How I deal with it is simple, I don't let it affect me. It's not easy because sometimes the mind just keeps dwelling upon it. But I still push it aside and have my own fun. Ultimately, I don't let people's negative attitudes into my reality. As long as I don't react to them, it's fine. It's not that I ignore them totally, but just the negative aspects.

But it's not enough to do that, I realized that instead of not letting it in, I should counter negativity. And what else can do that but Love? So in addition I'm trying to love those who persecute me. It's easier than I imagined, especially when the "hate" is not there, since I no longer react to their negativity. It doesn't feel like I'm doing anything out of my nature. Love is perhaps the most powerful force in the world.
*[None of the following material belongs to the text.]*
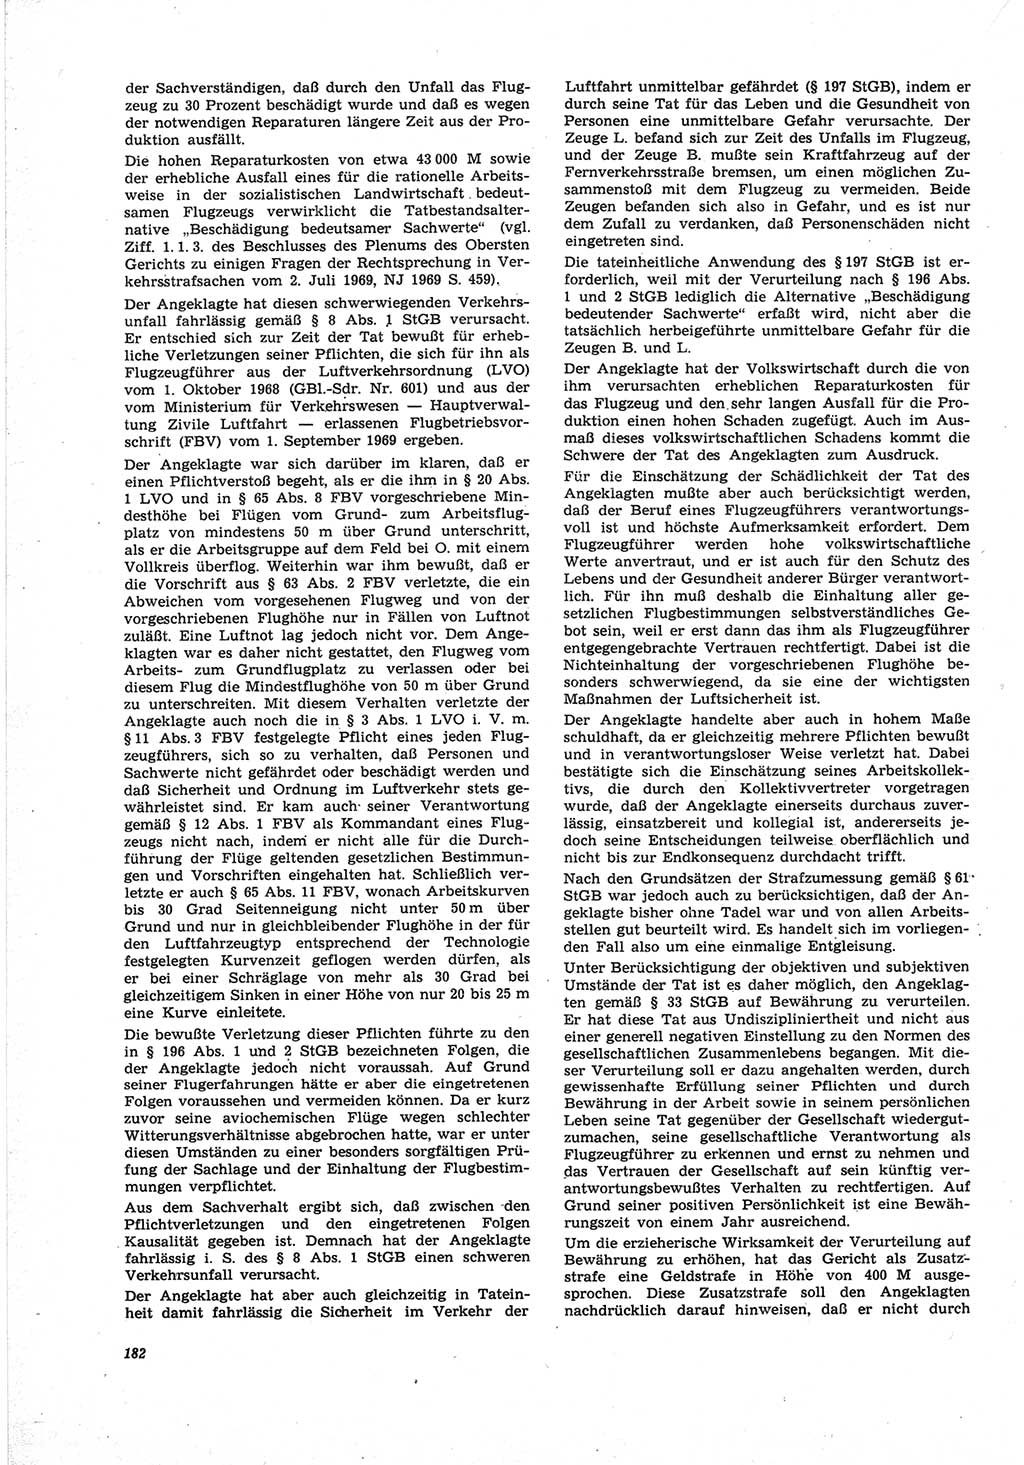 Neue Justiz (NJ), Zeitschrift für Recht und Rechtswissenschaft [Deutsche Demokratische Republik (DDR)], 25. Jahrgang 1971, Seite 182 (NJ DDR 1971, S. 182)

Even the slightest thing like smiling at them when they're giving you a death stare, or saying sorry when they intentionally bump into you can throw them off. They usually expect you to either react negatively or cower and avoid it, but when you stay grounded in yourself and stay grounded in Love, they don't expect it and somehow it wipes away whatever hate they have for you, if only for that instant.

But as I just started adopting this kind of living, it isn't yet part of my personality. But I hope in the years to come as I grow and mature in the Lord, he will instill this Love in me. The Bible says,

"If a man say, I love God, and hateth his brother, he is a liar: for he that loveth not his brother whom he hath seen, how can he love God whom he hath not seen?" - 1 John 4:20

What I also hope to change in me is my personal confidence, or core confidence. Learning to draw confidence from within me, and not from my situation is one of the hardest things to change in me but it's something I want to achieve. Core confidence in a sense that I don't look outward to the people around me or  how I dress, etc in order for me to feel good about myself. But instead I feel confident because I love who I am, and I appreciate myself.

We all grow and mature and we move on in our lives. Some people just go with the flow and don't bother changing who they are, or becoming a better person. But Socrates said "An unexamined life is not worth living." And I believe in that, too. That's why I am constantly reviewing and examining where I am in life in order to become better than who I was yesterday. It's only how I live.